Besides pitting farmers against the fish, the water crisis has pointed out a longtime rift between agriculture upstream and commercial fishing downstream.

Saying agriculture has benefited for years at their expense, commercial fishermen are seeking greater crackdowns on farmers' use of Klamath water.

"We have lost 4,000 jobs mainly because of agriculture," said Glen Spain, northwest regional director of Pacific Coast Federation of Fishermen's Associations, a coalition that represents 26 fishing groups. "Agriculture takes water out of the lower river that we desperately need."

He added that the crisis could have been minimized had the Bureau of Reclamation followed through on demands by the federal Fish and Wildlife Service in 1992 to make habitat improvements such as installing screens to keep fish out of irrigation canals.
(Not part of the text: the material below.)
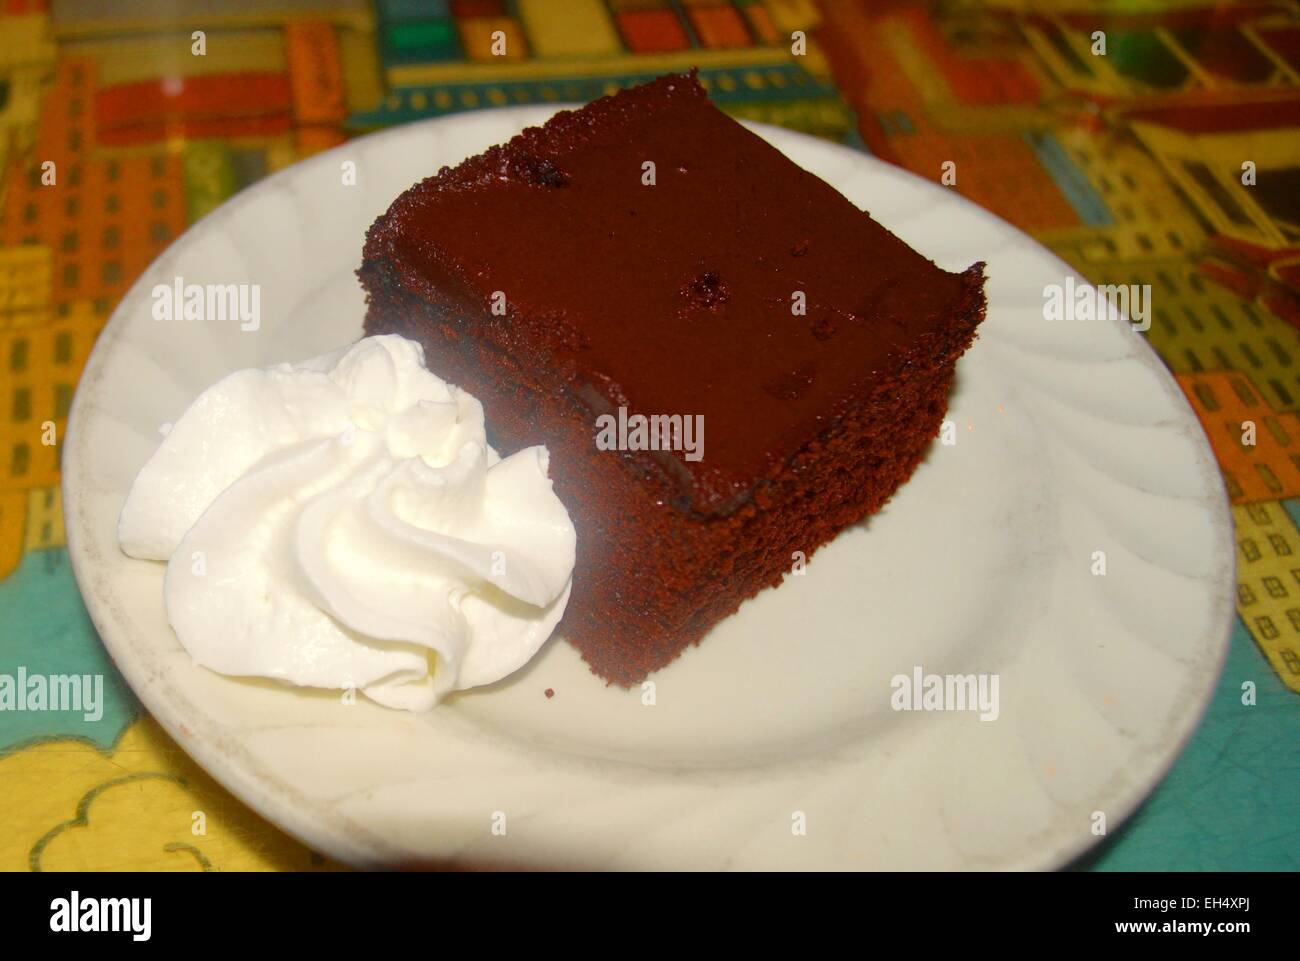 Scrumptious chocolate cake with whipped cream Stock Photo

Meanwhile, federal and state officials, farmers, environmentalists and fishermen have been meeting with a court-mandated mediator to discuss long-range solutions, including the drilling of wells, habitat restoration and the purchase of farms to take them out of business.

"What we hope will come out of all this is the recognition that this was an economic disaster in the making for a long time," said Pat Foulk, spokeswoman for the Fish and Wildlife Service region that oversees the Klamath area. "We need to develop basinwide solutions so we can restore the environment, restore the economy and keep humans and wildlife in balance."